## RECORDED DATA:
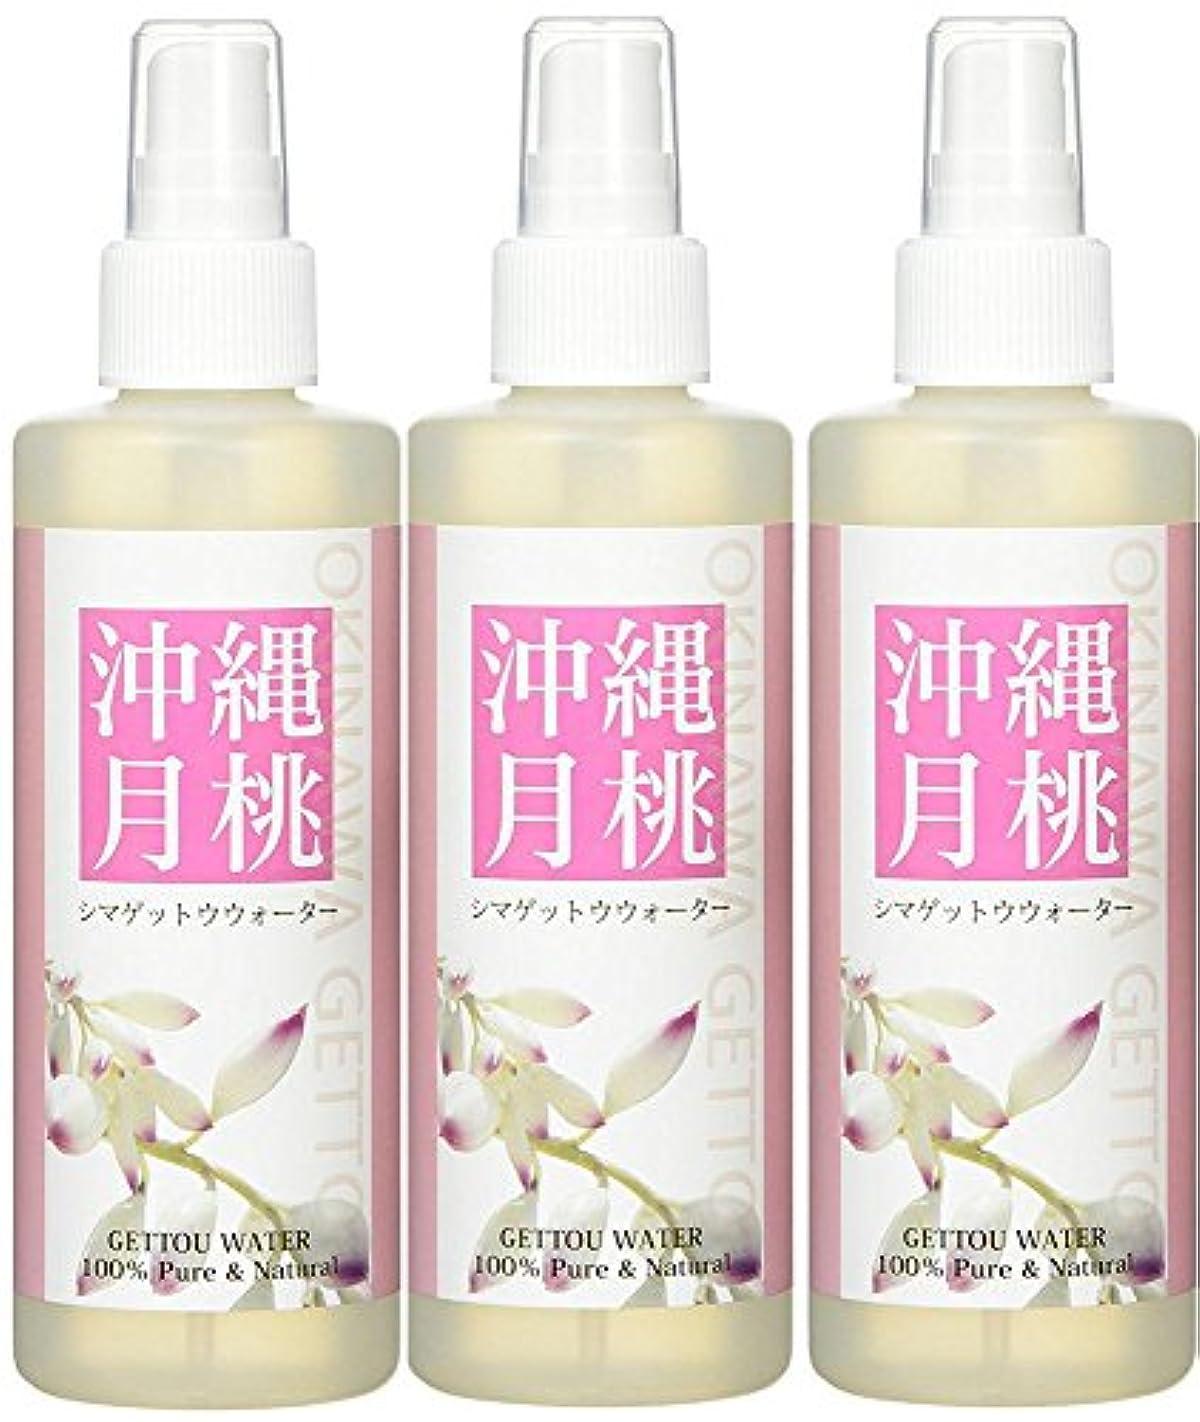 環境ベルト報いる日本月桃 シマゲットウウォーター (100%天然成分ハーブ水) 200ml 3本
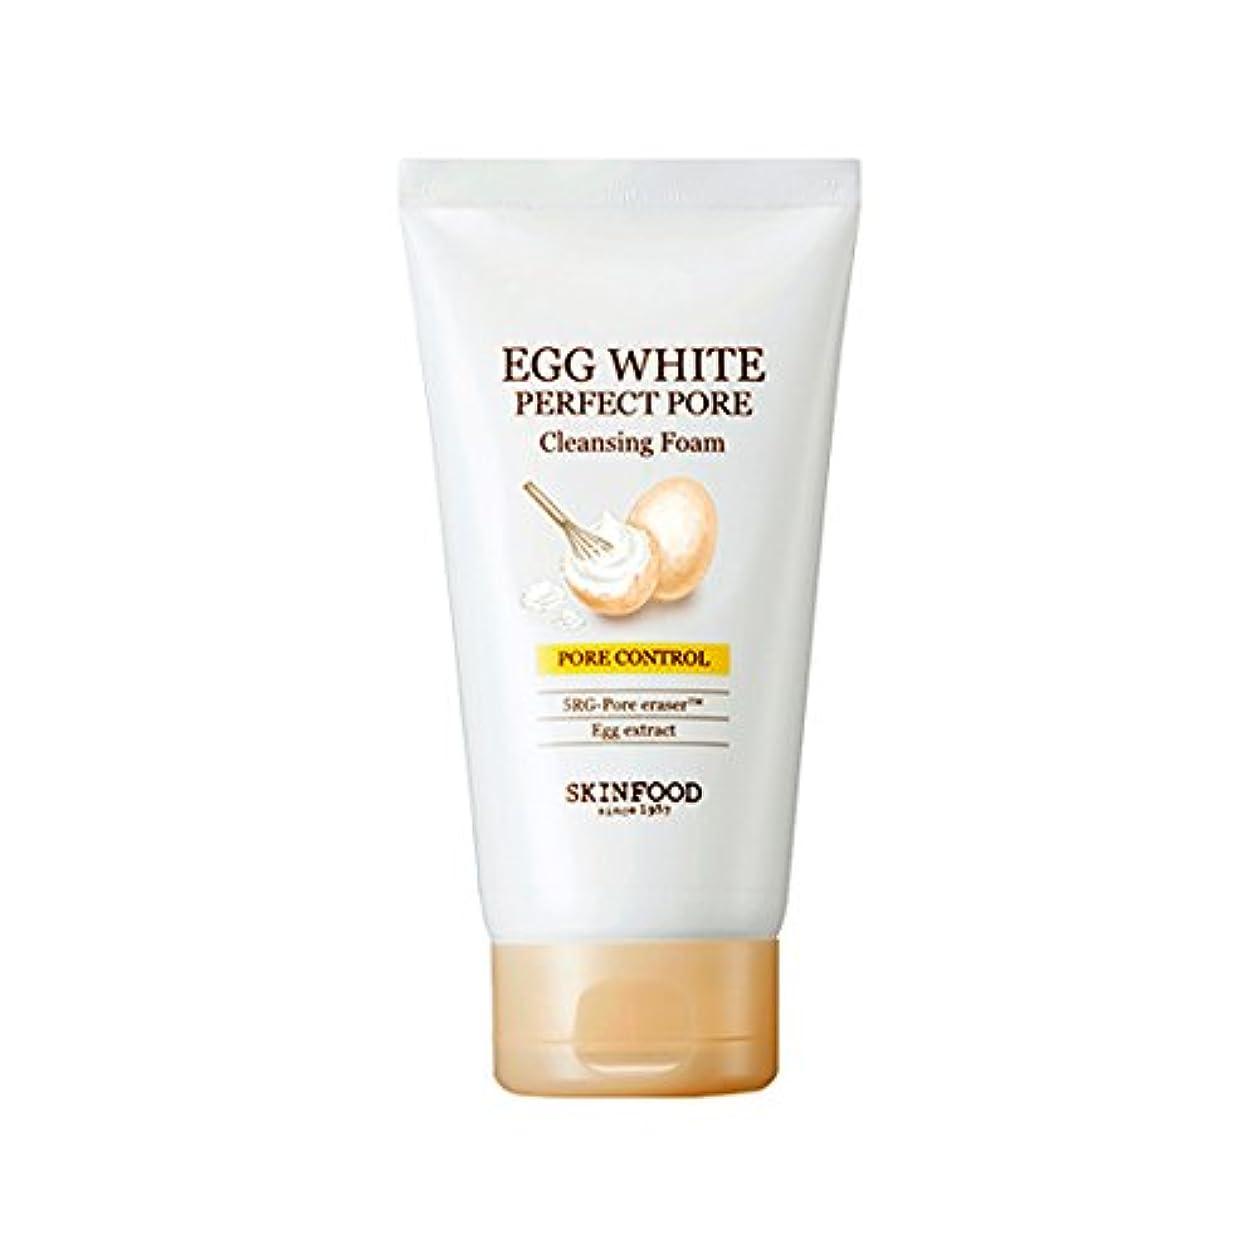 困難きしむ毒性[2017 New] SKINFOOD Egg White Perfect Pore Cleansing Foam 150ml/スキンフード エッグ ホワイト パーフェクト ポア クレンジング フォーム 150ml [並行輸入品]
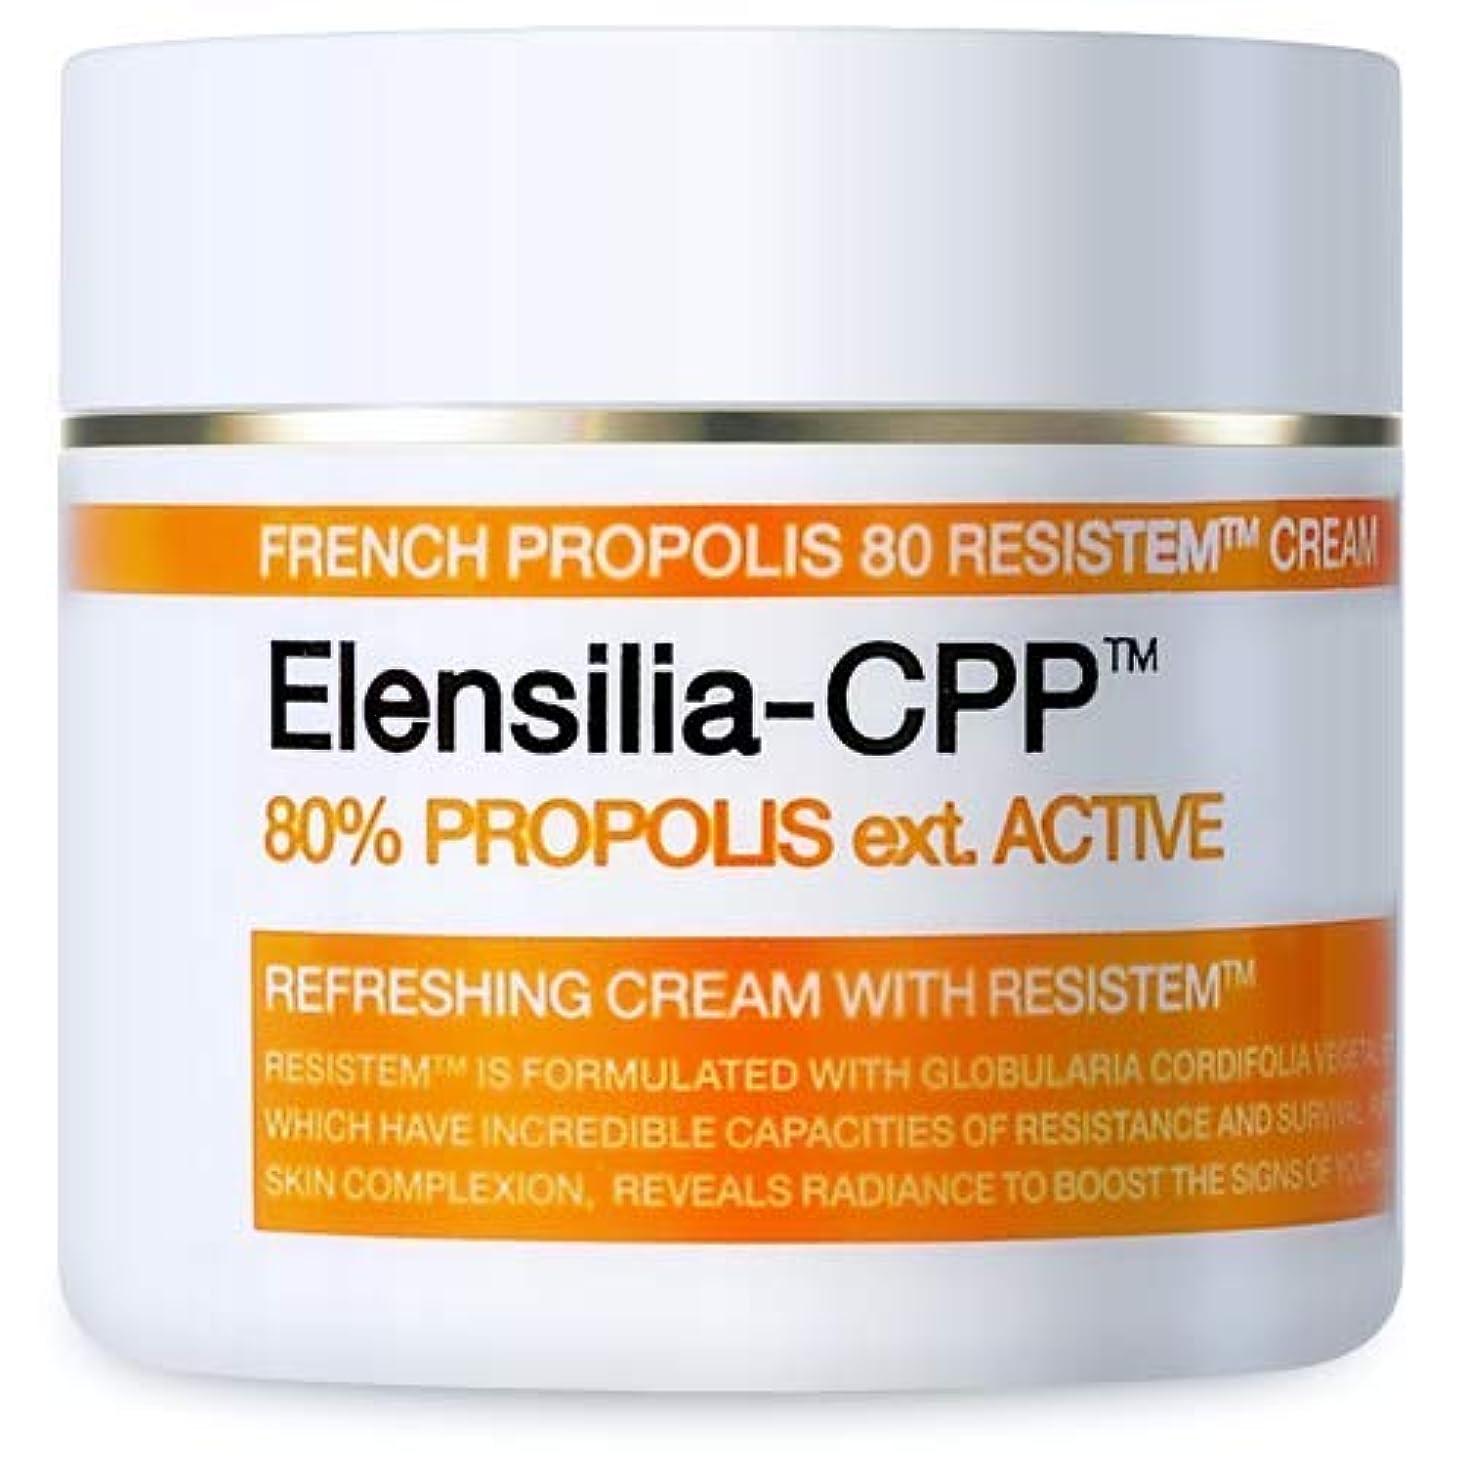 ソファー追い払う真剣にElensilia CPP フレンチ プロポリス 80 リシステム クリーム / CPP French Propolis 80 Resistem Cream (50g) [並行輸入品]

## DIRECTIONS FOR THIS TASK:
Give back the material above exactly, without pictures.

## YOUR RESPONSE:
 環境ベルト報いる日本月桃 シマゲットウウォーター (100%天然成分ハーブ水) 200ml 3本
 困難きしむ毒性[2017 New] SKINFOOD Egg White Perfect Pore Cleansing Foam 150ml/スキンフード エッグ ホワイト パーフェクト ポア クレンジング フォーム 150ml [並行輸入品]
 ソファー追い払う真剣にElensilia CPP フレンチ プロポリス 80 リシステム クリーム / CPP French Propolis 80 Resistem Cream (50g) [並行輸入品]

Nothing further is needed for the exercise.